HOW TO COMPLETE THIS TASK
Set down the data below word for word, and leave the images aside.

INFORMATION PROVIDED
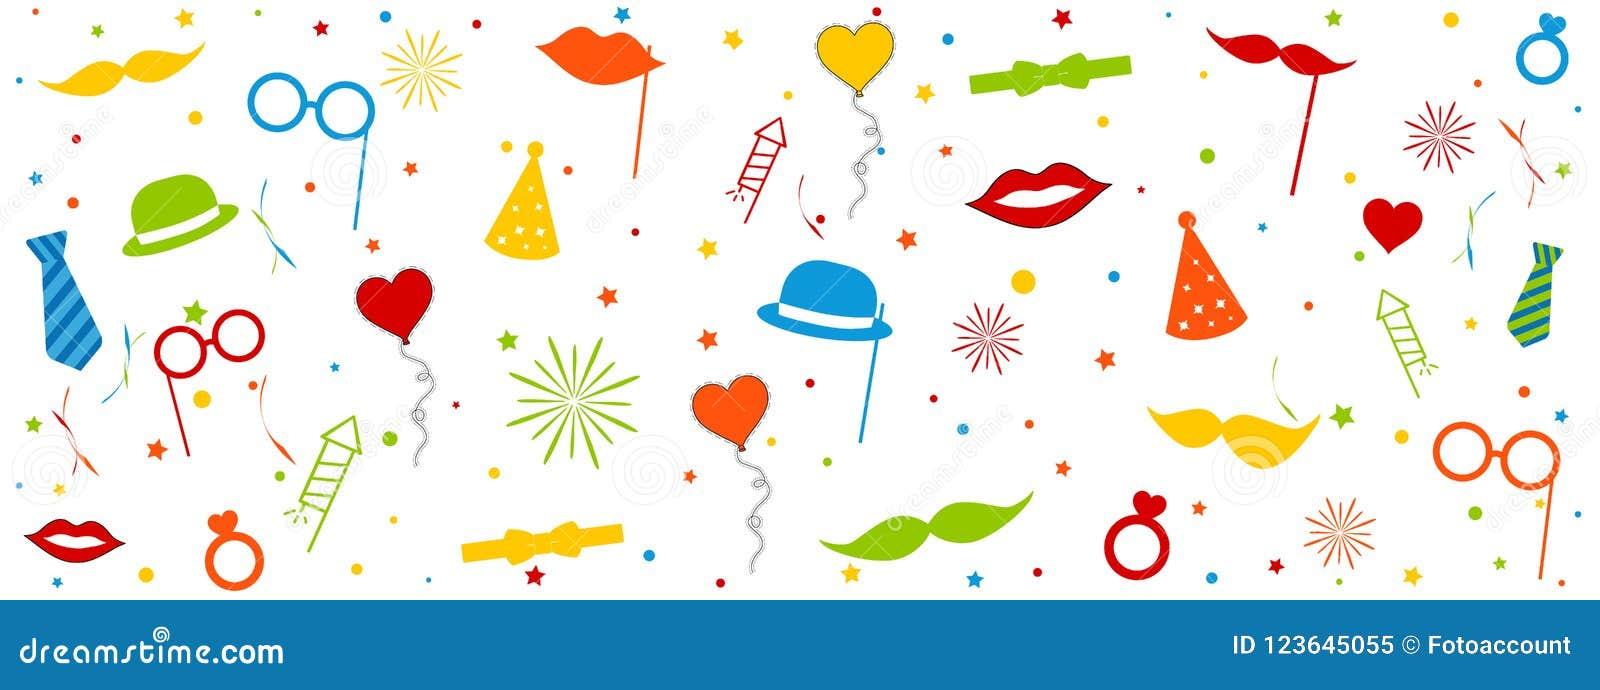 Fotografii budka Poślubia Karnawałowe wyposażenie ikony Z okręgami I gwiazdami Odizolowywającymi Na Białym tle - Kolorowa Wektoro
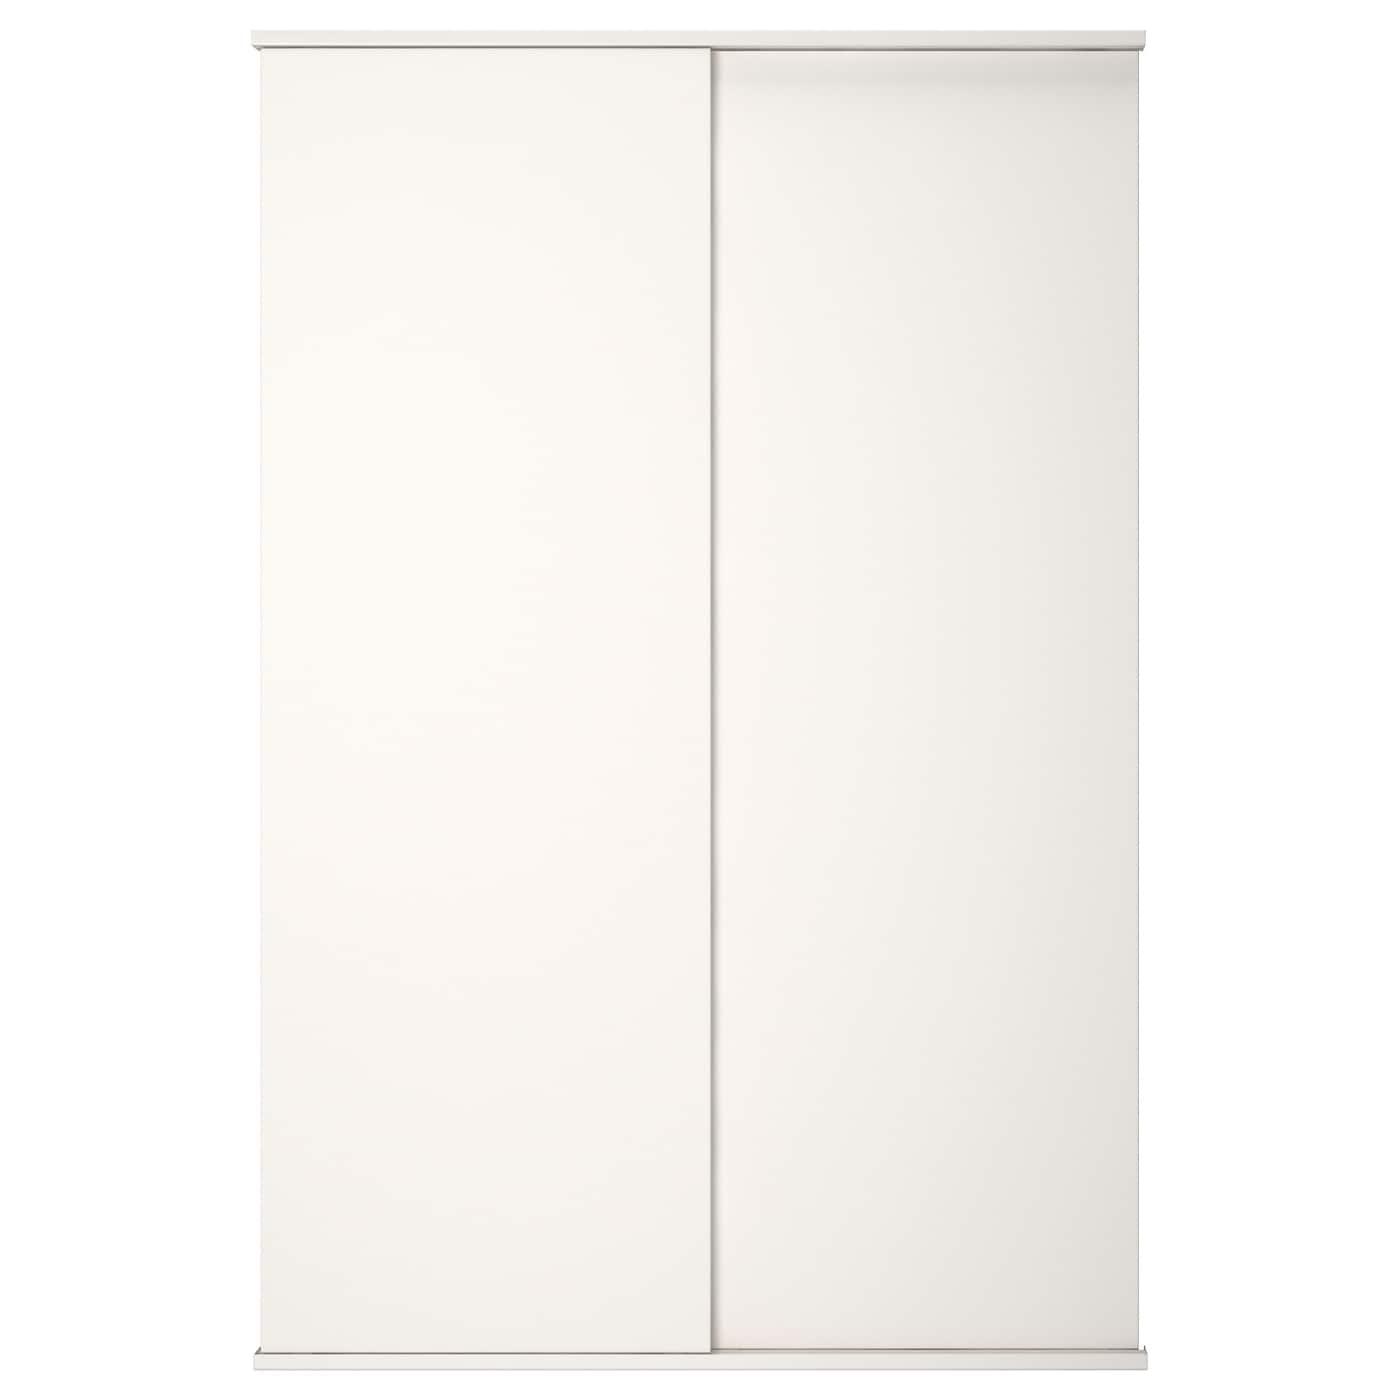 Fonnes Schiebetur Schiene Weiss Ikea Schweiz Diy ways to make cheap wardrobes look more expensive. fonnes schiebetur schiene weiss 120x180 cm
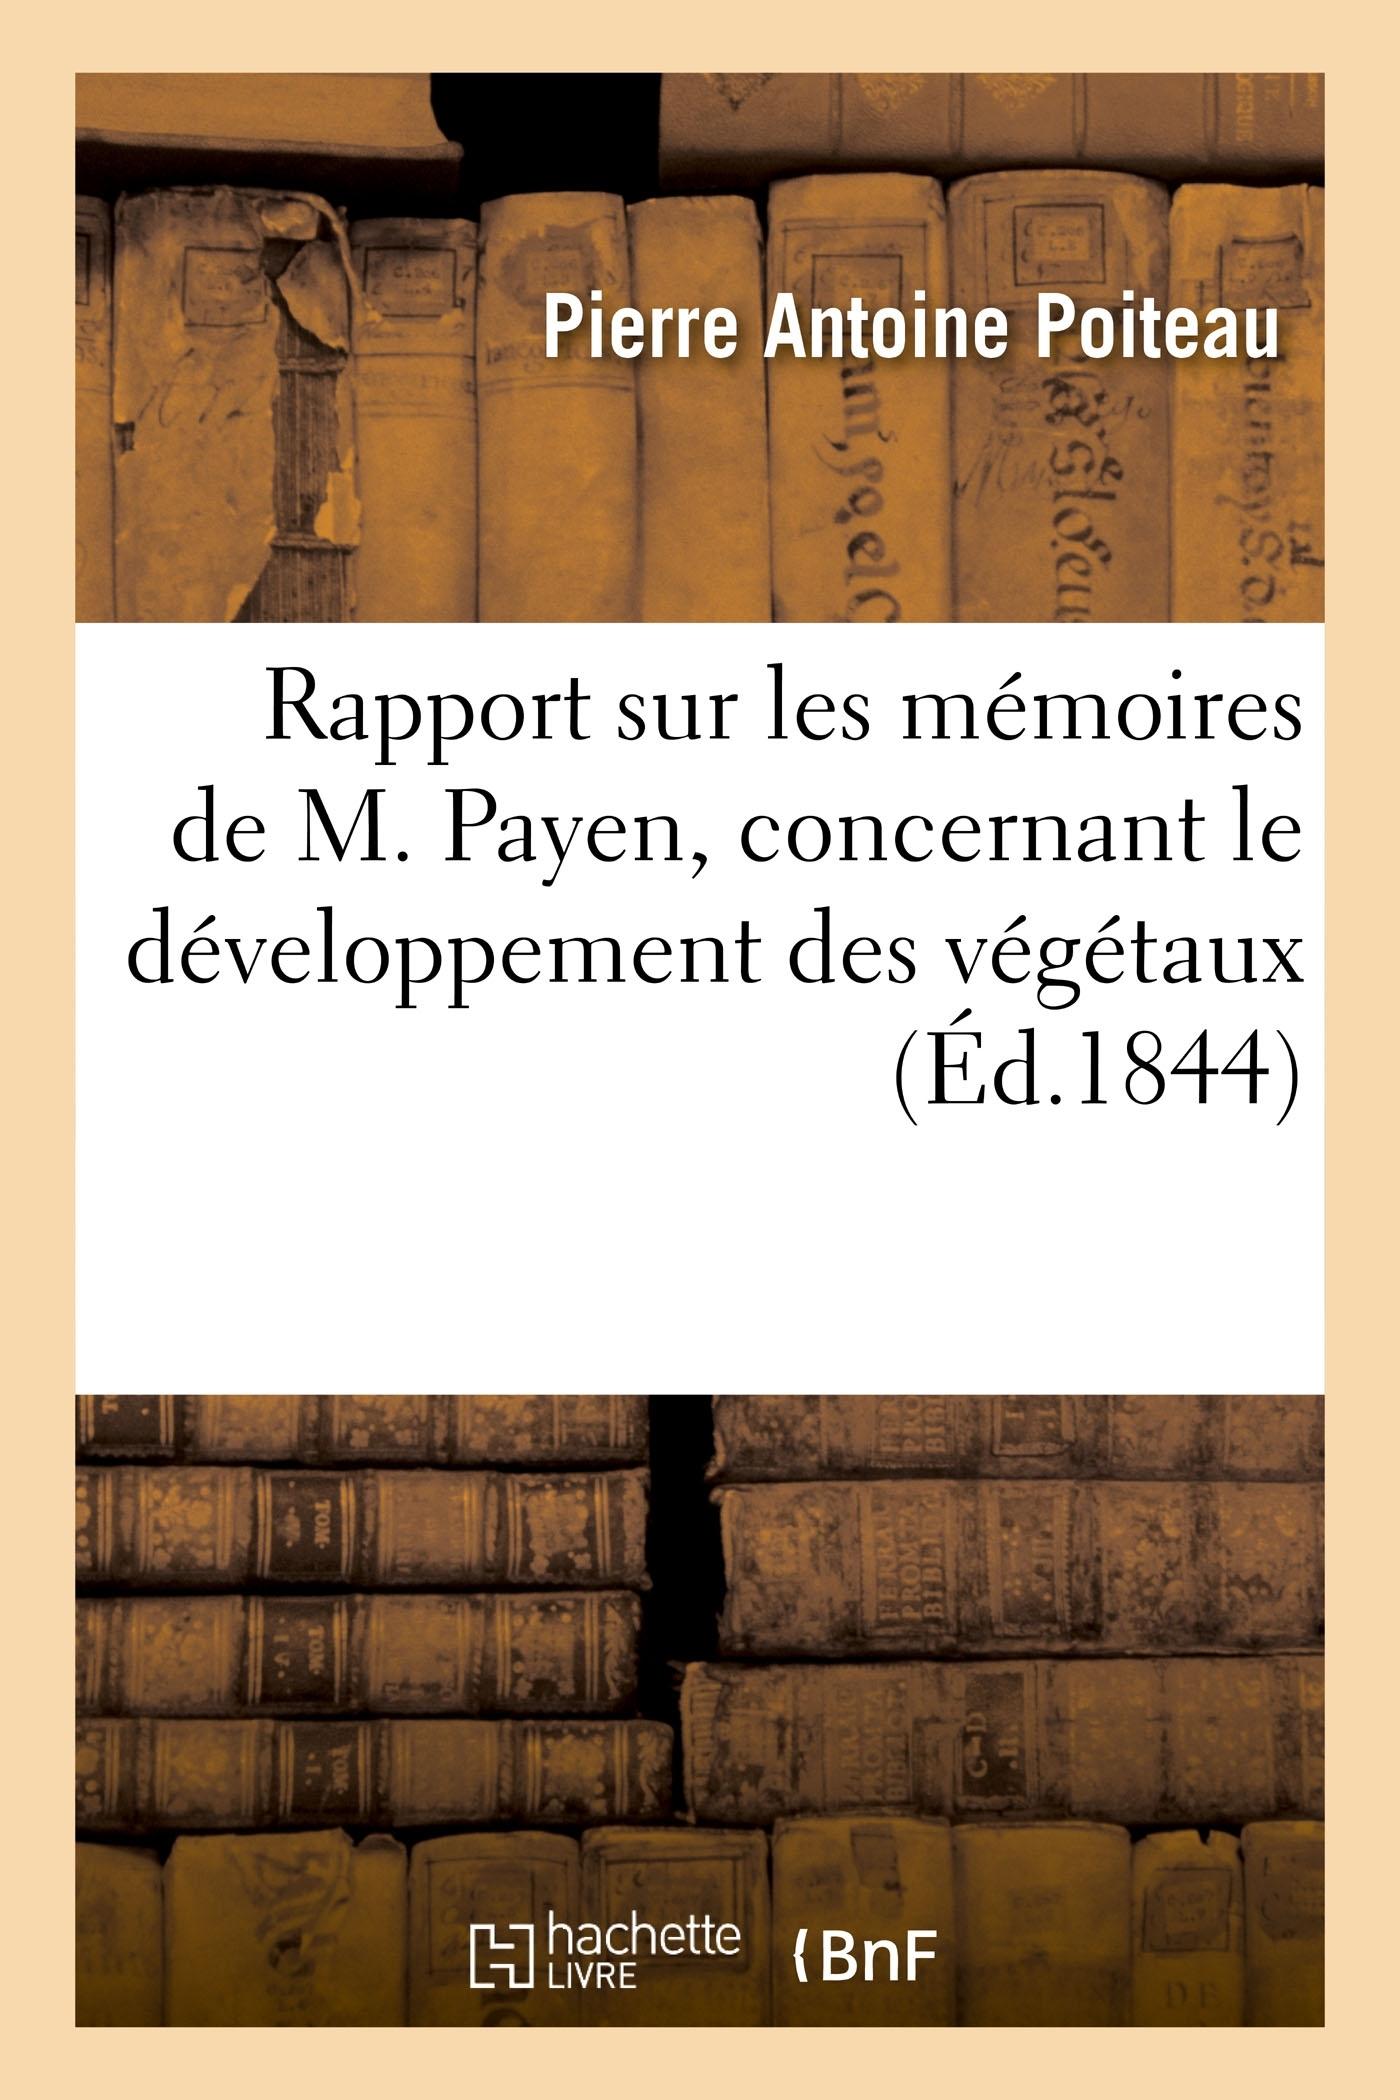 RAPPORT SUR LES MEMOIRES DE M. PAYEN, CONCERNANT LE DEVELOPPEMENT DES VEGETAUX
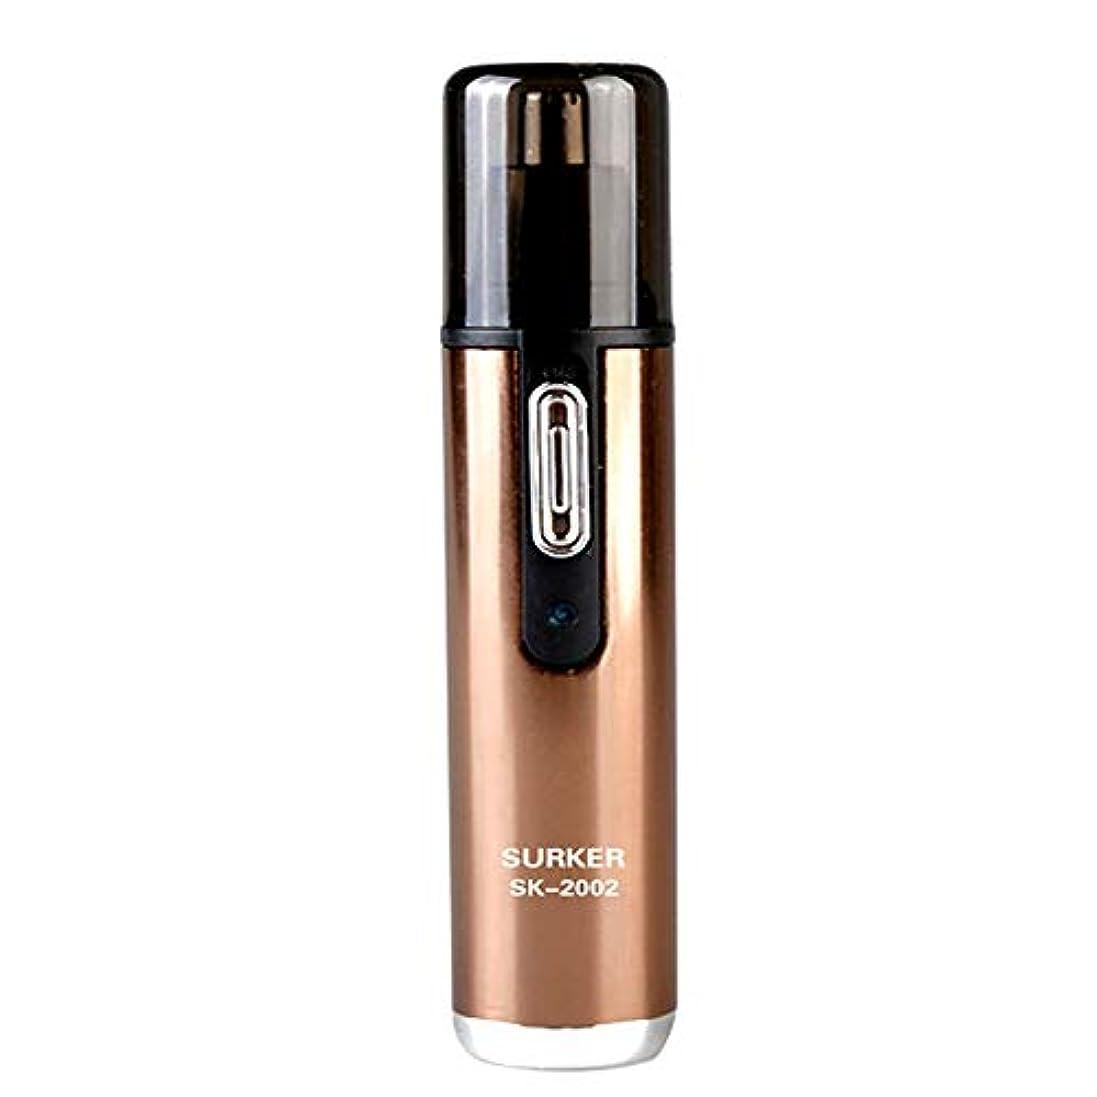 スペード剃る知人鼻のヘアトリマーは使いやすいです男性と女性のための50 dB以下の内部360°回転でノイズのある明るいLEDライトで、保護カバーで掃除しやすいです

SOLUTION TO THE EXERCISE
 Fotografii budka Poślubia Karnawałowe wyposażenie ikony Z okręgami I gwiazdami Odizolowywającymi Na Białym tle - Kolorowa Wektoro
 Fonnes Schiebetur Schiene Weiss Ikea Schweiz Diy ways to make cheap wardrobes look more expensive. fonnes schiebetur schiene weiss 120x180 cm
 RAPPORT SUR LES MEMOIRES DE M. PAYEN, CONCERNANT LE DEVELOPPEMENT DES VEGETAUX
 スペード剃る知人鼻のヘアトリマーは使いやすいです男性と女性のための50 dB以下の内部360°回転でノイズのある明るいLEDライトで、保護カバーで掃除しやすいです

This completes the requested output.